▸ **AVAILABLE DATA**
--- START ---
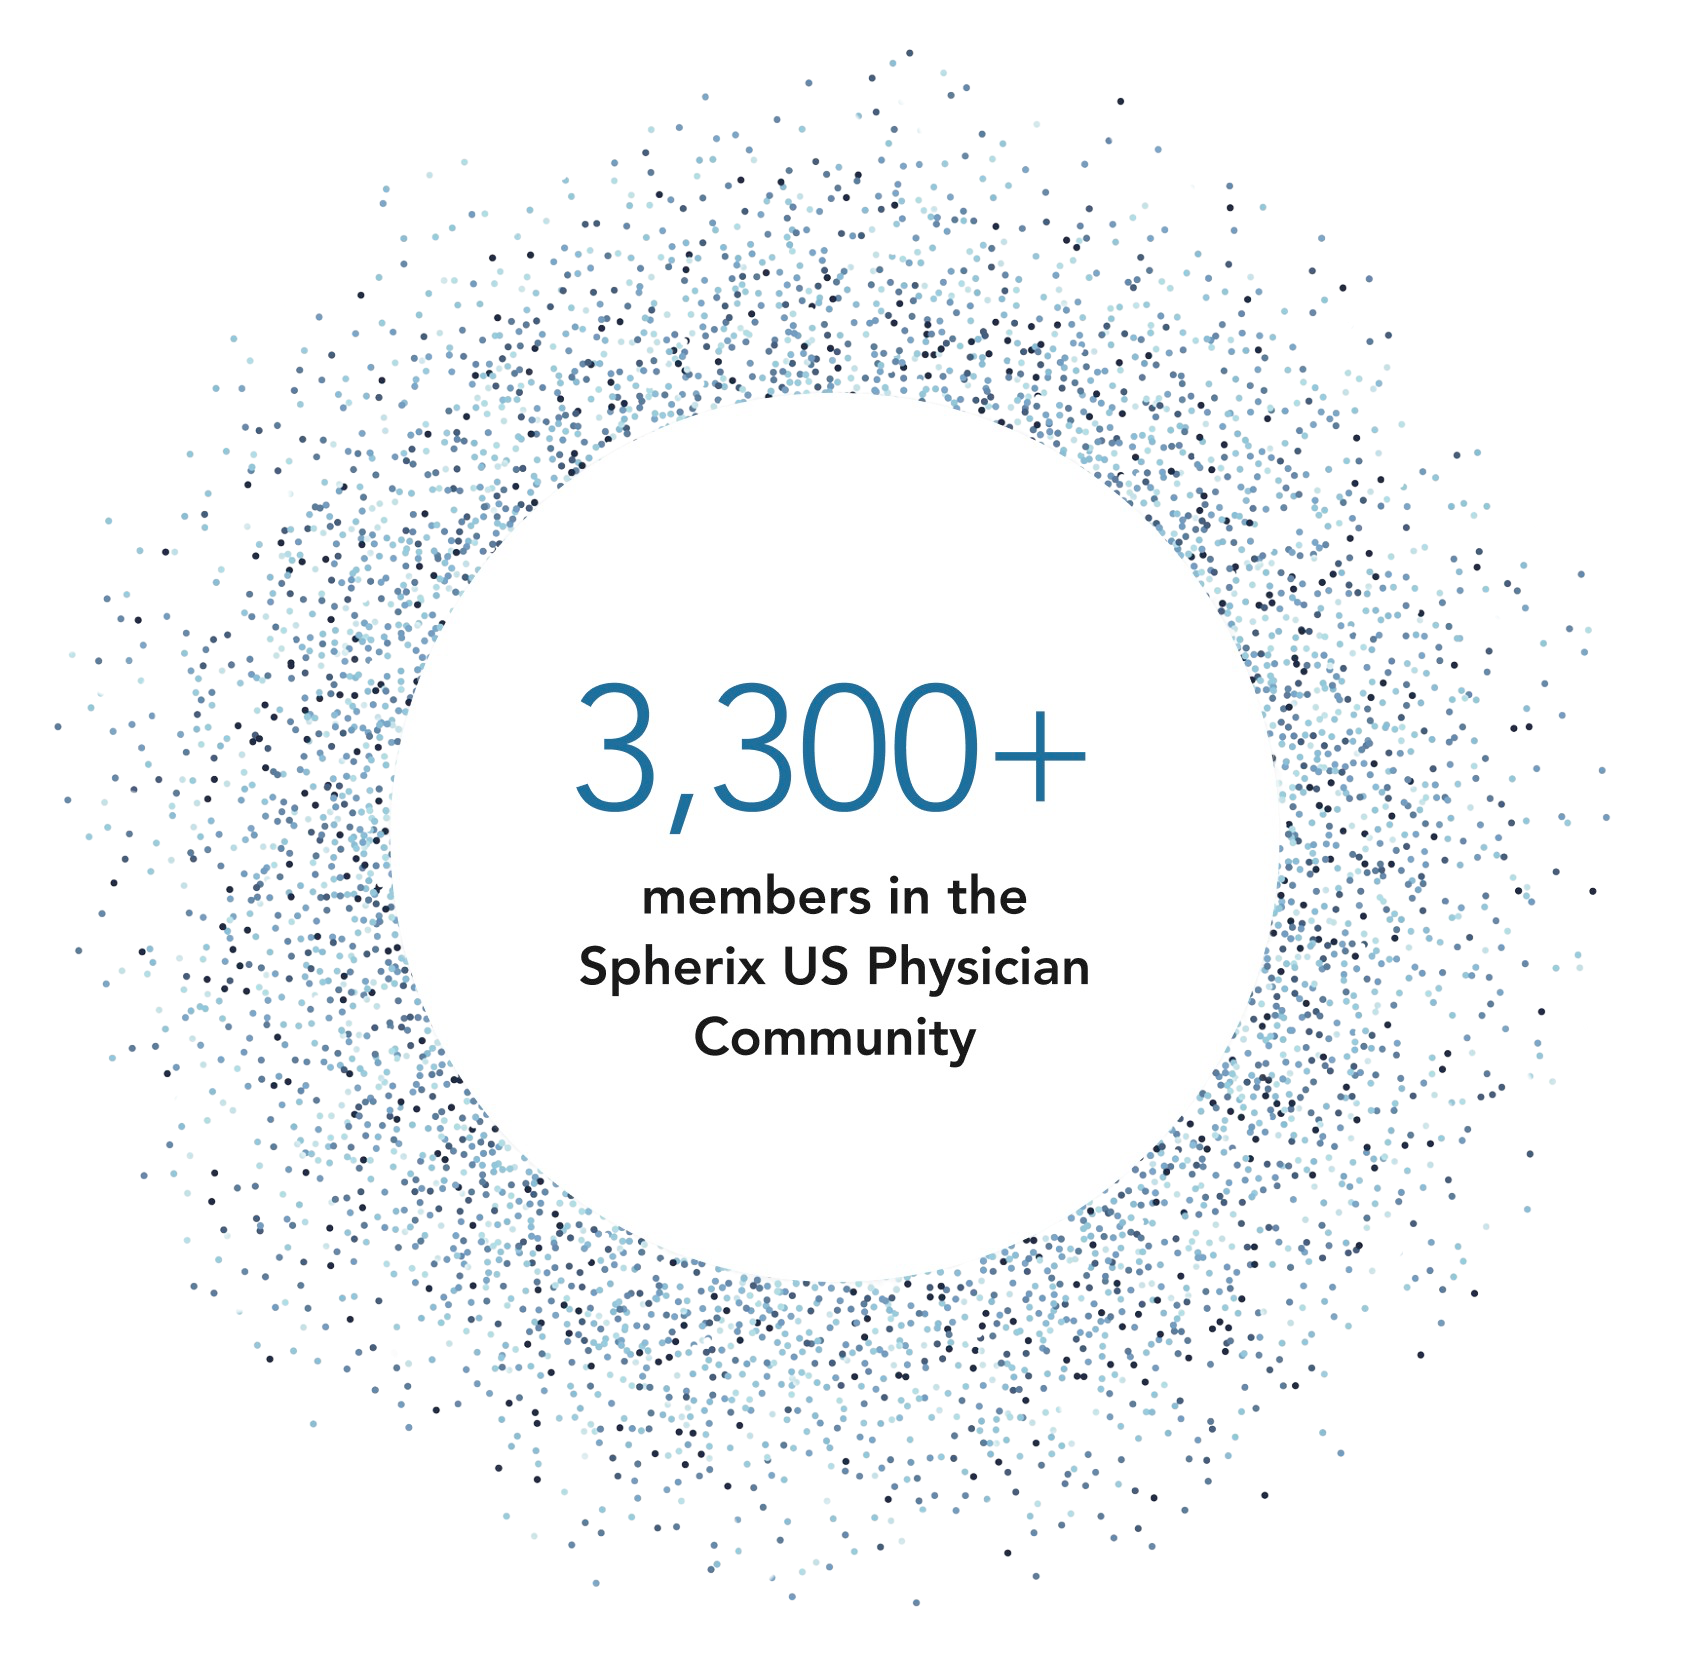 3,300+ members in the Spherix US Physician Community
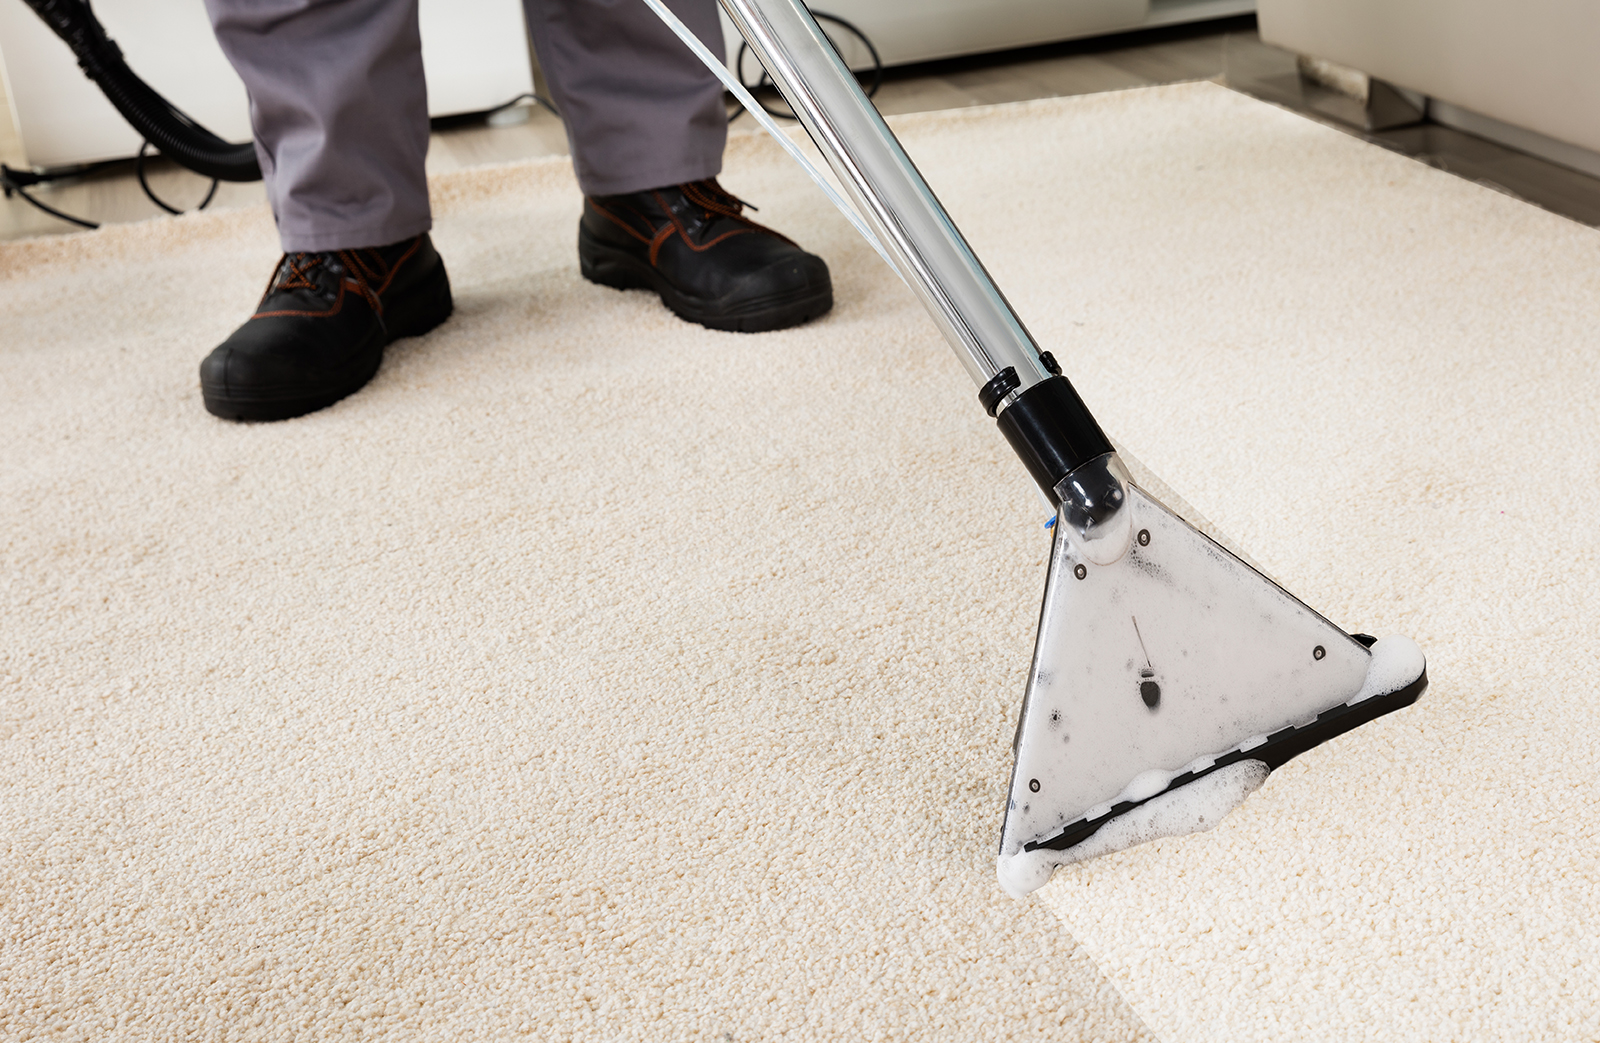 TOP REASONS TO HIRE A PROFESSIONAL NJ / PA CARPET CLEANING PROFESSIONAL
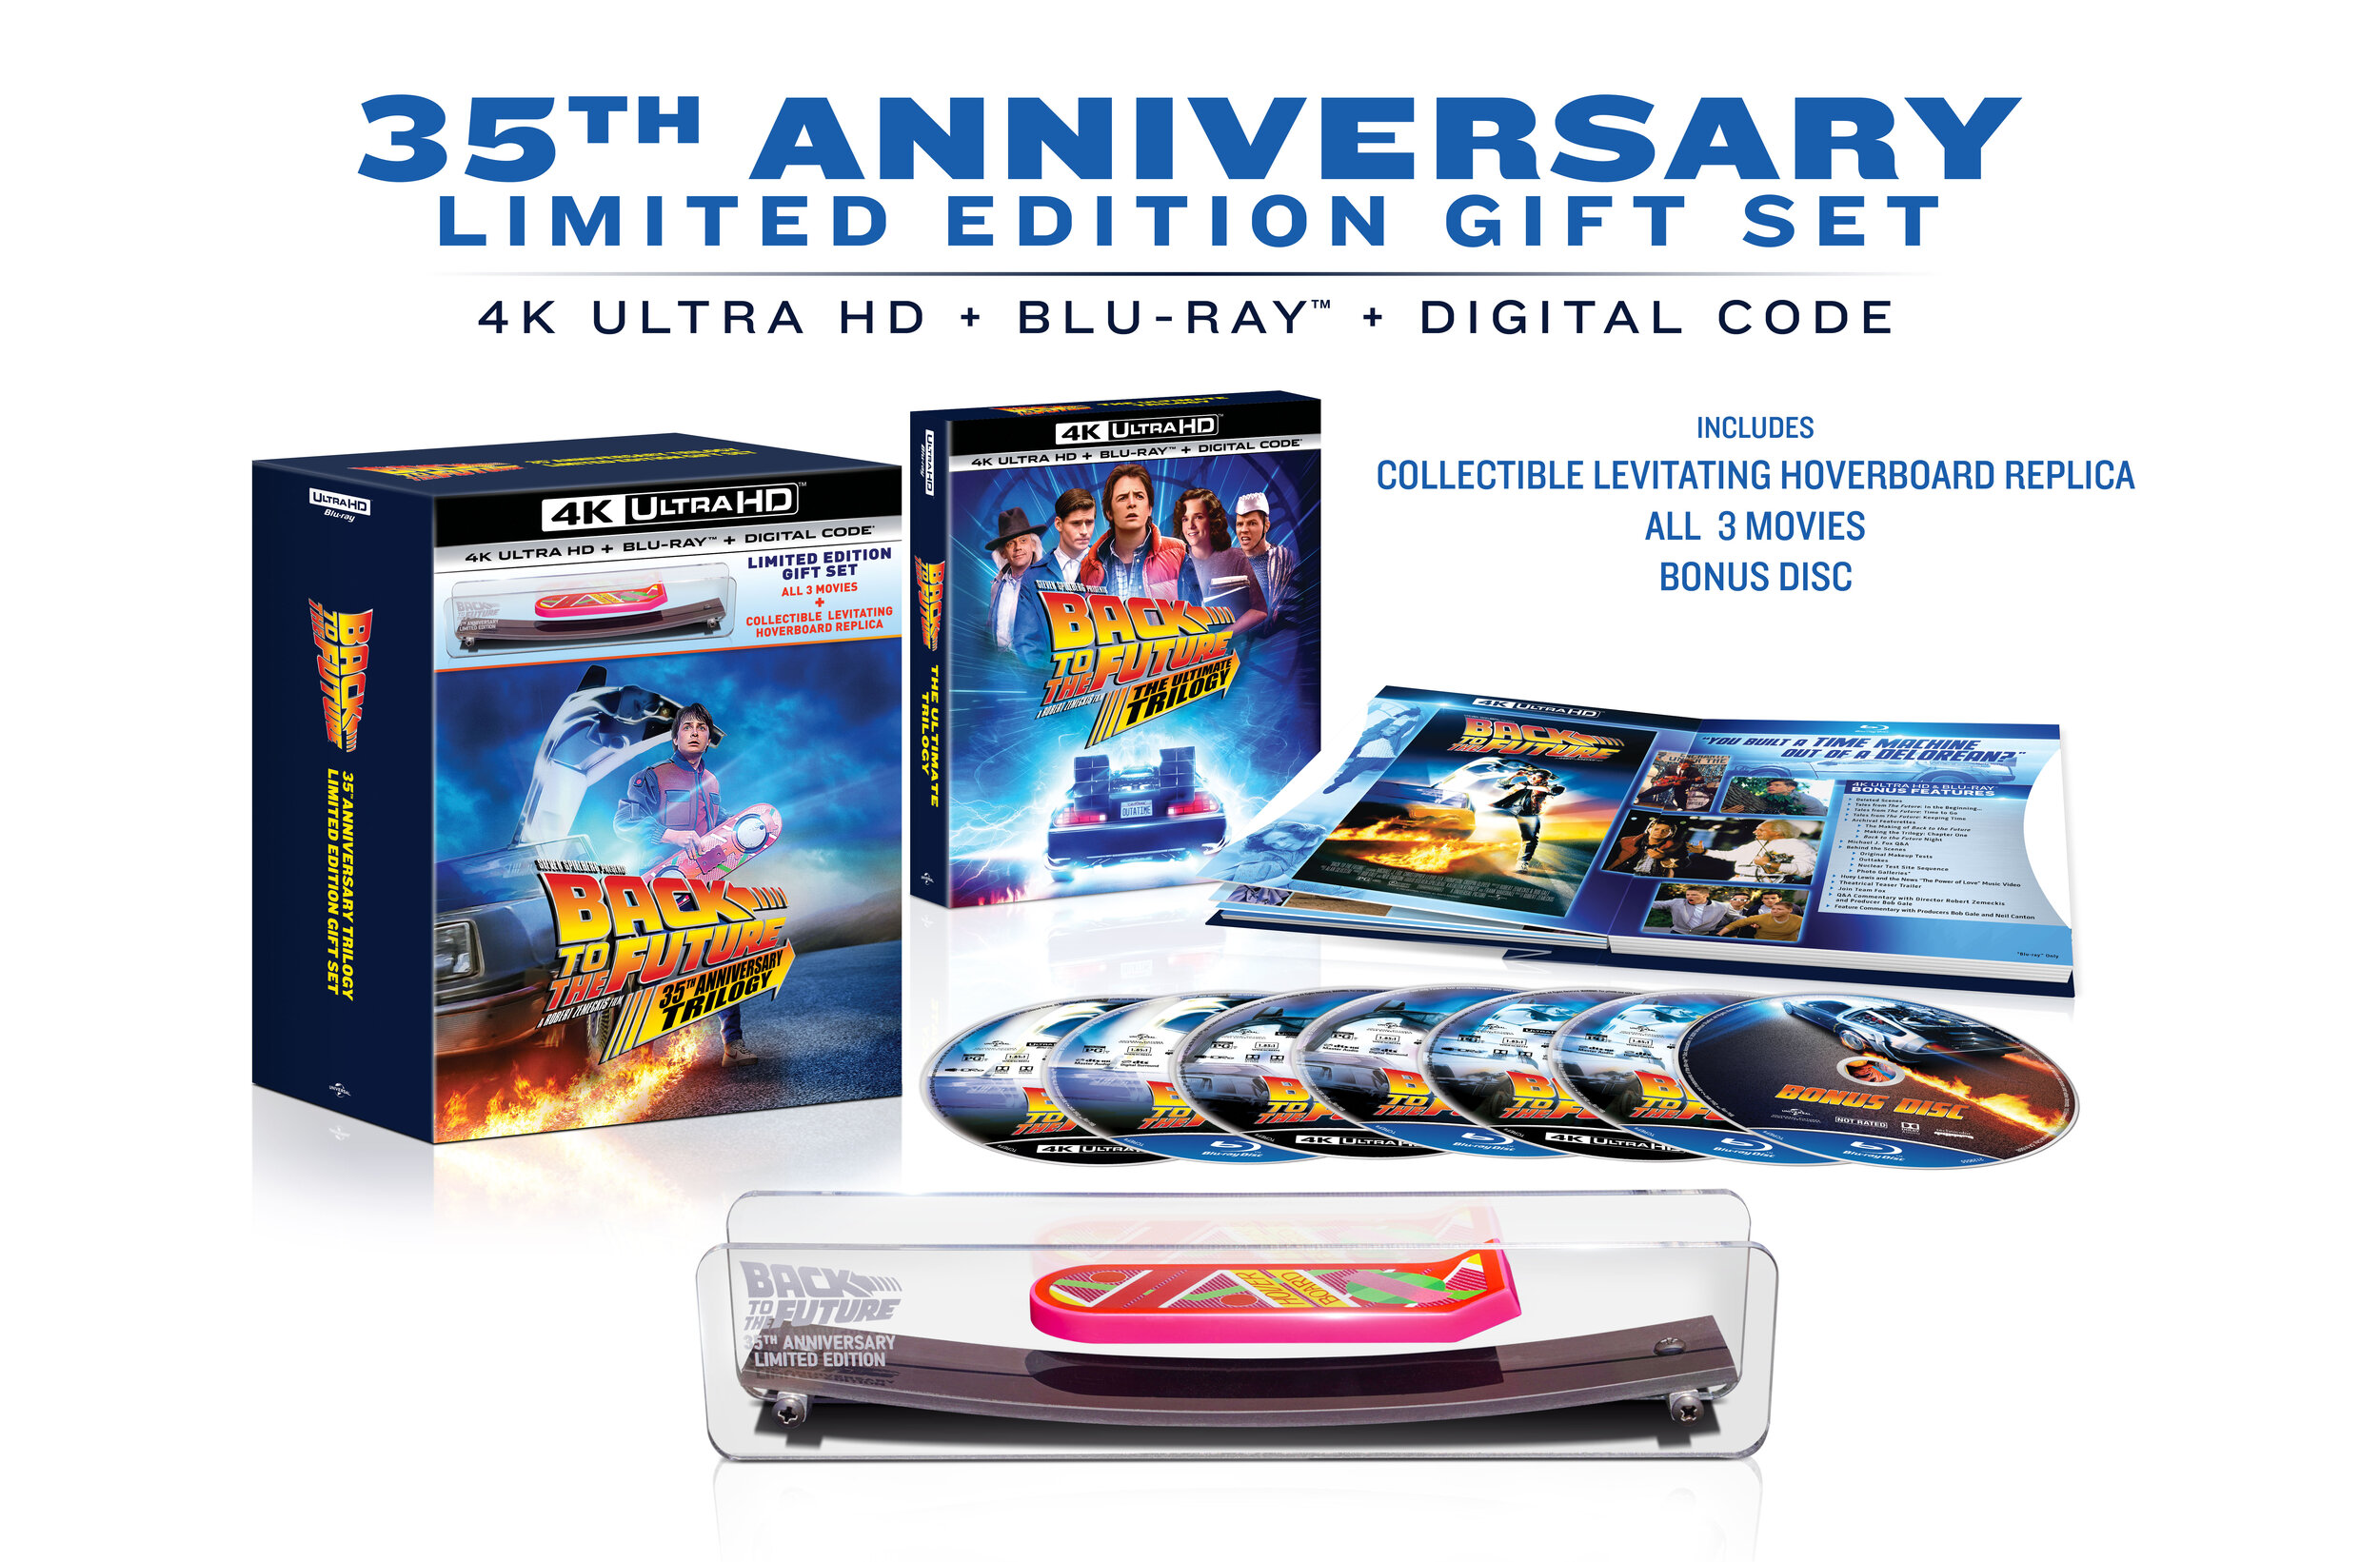 Back to the Future: 35th Anniversary Trilogy Limited Edition Gift Set (4K UHD + Blu-ray + Digital + Hoverboard) – Amazon Exclusive
--- END ---
▸ **WORK TO COMPLETE**
Every line above is to be given again exactly, apart from the pictures.

▸ **SOLUTION FOR THIS EXERCISE**
 3,300+ members in the Spherix US Physician Community
 TOP REASONS TO HIRE A PROFESSIONAL NJ / PA CARPET CLEANING PROFESSIONAL
 Back to the Future: 35th Anniversary Trilogy Limited Edition Gift Set (4K UHD + Blu-ray + Digital + Hoverboard) – Amazon Exclusive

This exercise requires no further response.